Un Autochtone condamné pour homicide involontaire a obtenu gain de cause, vendredi, alors qu'il contestait son jugement en raison de l'exclusion systématique des Premières Nations du processus de sélection des jurés.

Dans une décision partagée, la Cour d'appel de l'Ontario indique que l'absence de jurés autochtones a constitué une violation des droits constitutionnels de Clifford Kokopenace.

«L'intégrité du processus a été considérablement compromise par l'inattention du gouvernement face à un problème connu et qui ne cesse de s'aggraver et ce, année après année», a tranché la cour.

«Ce que la province savait, ou aurait dû savoir, était considérable, alors que ce qui a été fait en contrepartie était minime.»

Le tribunal a ordonné la tenue d'un nouveau procès pour Clifford Kokopenace, condamné en 2008 pour avoir poignardé à mort l'un de ses amis sur la réserve de Grassy Narrows, dans le nord-ouest de l'Ontario.

La Cour d'appel avait dans un premier temps maintenu la condamnation pour homicide involontaire, la jugeant raisonnable, mais avait suspendu le verdict dans l'attente d'une issue à ce problème constitutionnel que posait le dossier.

L'avocat de la nation Nishawbe Aski, Julian Falconer, a déclaré que la décision du tribunal créait un précédent quant à la manière dont le gouvernement ontarien gère les questions juridiques liées aux Premières Nations.

«Cette affaire revêt une énorme importance puisqu'elle ne laisse planer aucun doute sur l'extrême négligence qu'a démontrée le ministère du Procureur général et sa propension à exclure les Premières Nations dans la sélection des jurés», a souligné Me Falconer.

Les années de sous-représentation des Autochtones ont notamment été révélées par des enquêtes de coroners sur deux décès, en 2007, dans le nord de l'Ontario.

En 2008, la sélection des jurés à Kenora comprenait 699 candidats, dont seulement 29 - ou 4,1 pour cent -, étaient des résidants des réserves.
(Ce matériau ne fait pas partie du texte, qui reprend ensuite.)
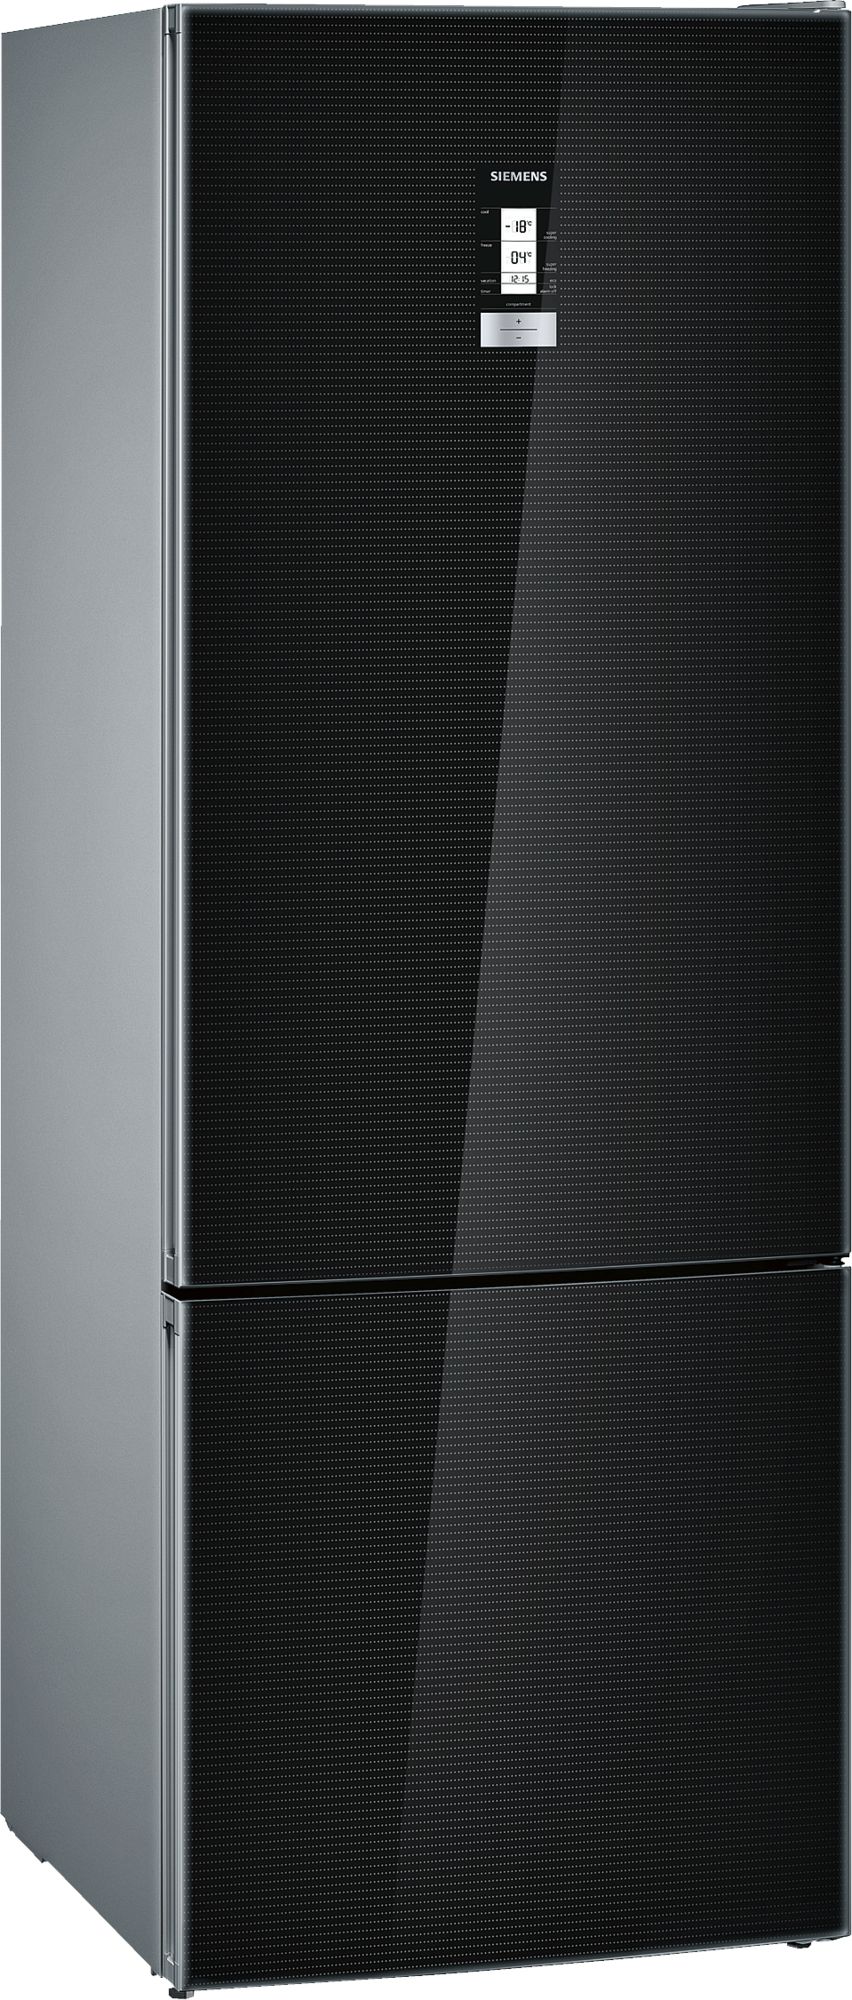 iQ500 Alttan Donduruculu Buzdolabı 193 x 70 cm siyah

Or, la population de la région était composée à environ 33 pour cent d'Autochtones.

«Non seulement les tribunaux canadiens ont commenté la dure réalité de la surreprésentation des Autochtones dans le système de justice; ils ont également observé que les racines de cette tendance se trouvaient dans une attitude discriminante pervertissant l'administration de la justice», a indiqué le juge Harry LaForme, rédigeant le jugement au nom de la majorité.

Queen's Park a de son côté plaidé que les représentants de la justice avaient fait de leur mieux afin d'assurer la présence d'un juré représentatif. Le gouvernement affirme toutefois que le manque de collaboration des leaders des Premières Nations et certaines clauses sur la vie privée avaient rendu le processus difficile.

Mais la Cour d'appel a refusé ces excuses, affirmant que le gouvernement aurait dû en faire davantage pour remédier à la situation.

«La qualité des efforts laisse grandement à désirer et ce, à plus forte raison face à l'ampleur et à la nature du problème», indique-t-on dans le jugement.

Le ministère du Procureur général a déclaré vendredi ne pas pouvoir commenter le jugement puisqu'il est en cours de révision.